Bute Inlet[1] is one of the principal inlets of the British Columbia Coast. It is 80 km (50 mi) long from the estuaries of the Homathko and Southgate Rivers at the head of the inlet, to the mouth, where it is nearly blocked by Stuart Island, and it averages about 4 km (2.5 mi) in width. Bute Inlet is in a spectacular wilderness setting and is one of the most scenic waterways in the world. In the upper reaches of the inlet mountains rise 2,700 m (9,000 ft) feet above sea level. Bute Inlet is a spectacular wilderness that is visited by very few people. In more recent years tourists are travelling from around the world to view grizzly bears in a natural setting and explore the wilderness of Bute Inlet.

Bute Inlet
French: Baie Bute
Bute Inlet
LocationStrathcona RD, British Columbia
Coordinates50°39′09″N 124°53′10″W
Native name
Primary inflowsHomathko River, Southgate River
Primary outflowsCordero Channel (west)
Calm Channel (south)
Max. length80 kilometres (50 mi)

Name origin

Bute Inlet took its name from John Stuart, 3rd Earl of Bute who was Prime Minister of Great Britain from 1762 to 1763. His grandson Charles Stuart was a master's mate on Vancouver's Discovery.[2]

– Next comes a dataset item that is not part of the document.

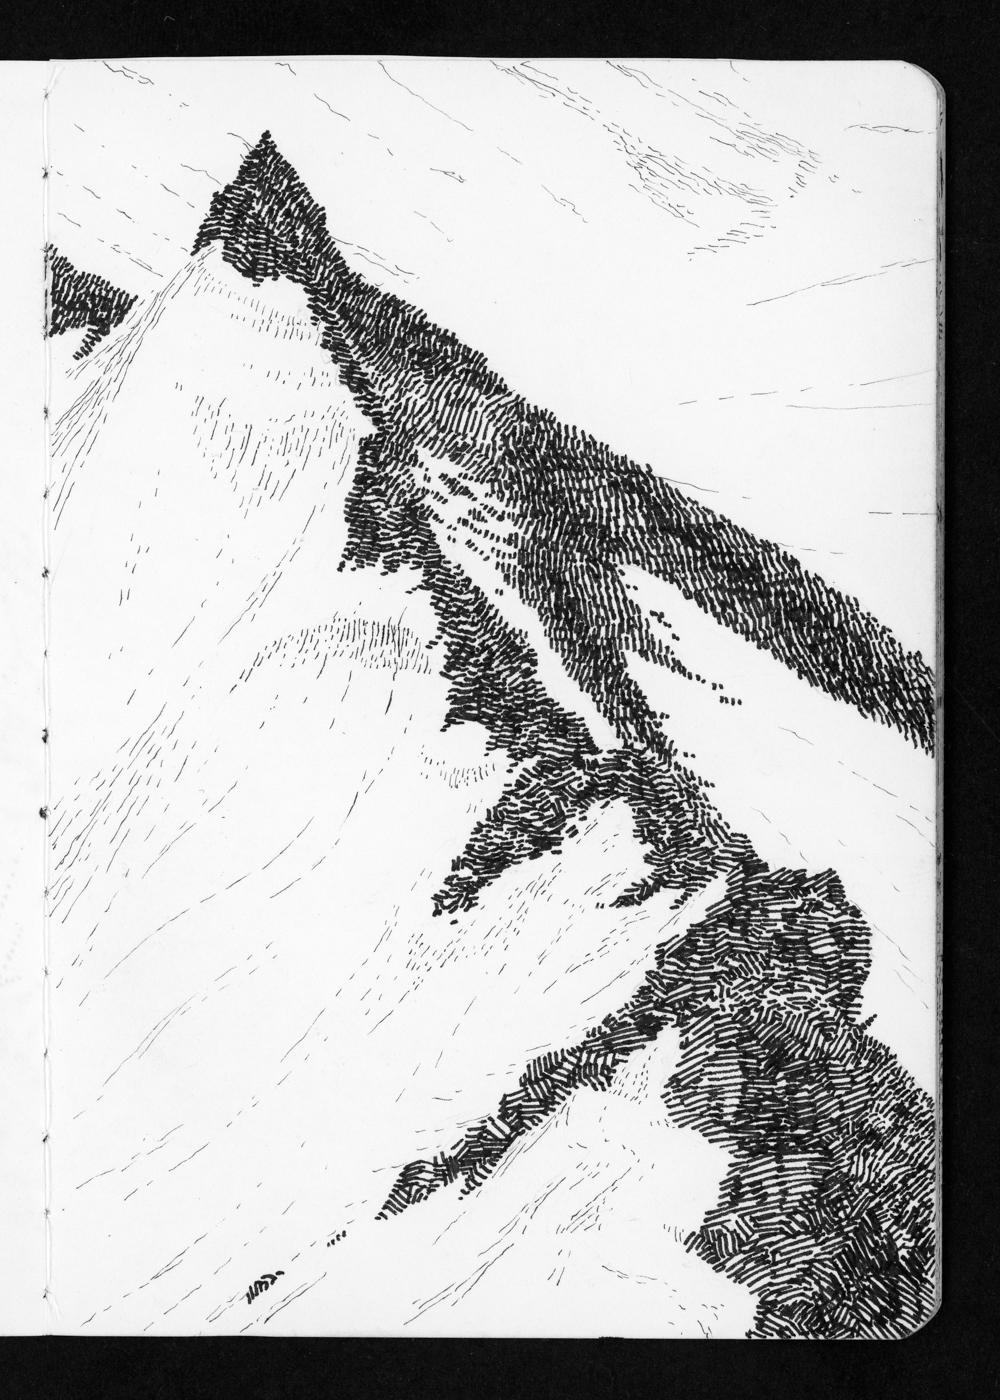 05-12 Ridgeline above McNeil Point.jpg

Waddington's Road and the Chilcotin War of 1864

Bute Inlet had an interesting role in the early history of the Colony of British Columbia. Entrepreneur Alfred Waddington sought to build a route to the Cariboo goldfields that was shorter and easier than the existing routes via the Fraser Canyon and the Douglas Road. In competition with the projected Cariboo Road, still under construction at that time, Waddington got a license from the colonial government to undertake the construction of a wagon road from the head of Bute Inlet via the Homathko River to the Chilcotin Plateau, thence east across the Fraser to the Cariboo goldfields. The plan was that steamers from Victoria would voyage to the head of the inlet, and travellers would take what was to be a toll road overland from there. He was granted a townsite at the head of the inlet (still on maps as Port Waddington but as nothing more than a land survey) and commenced construction up the Grand Canyon of the Homathko from there.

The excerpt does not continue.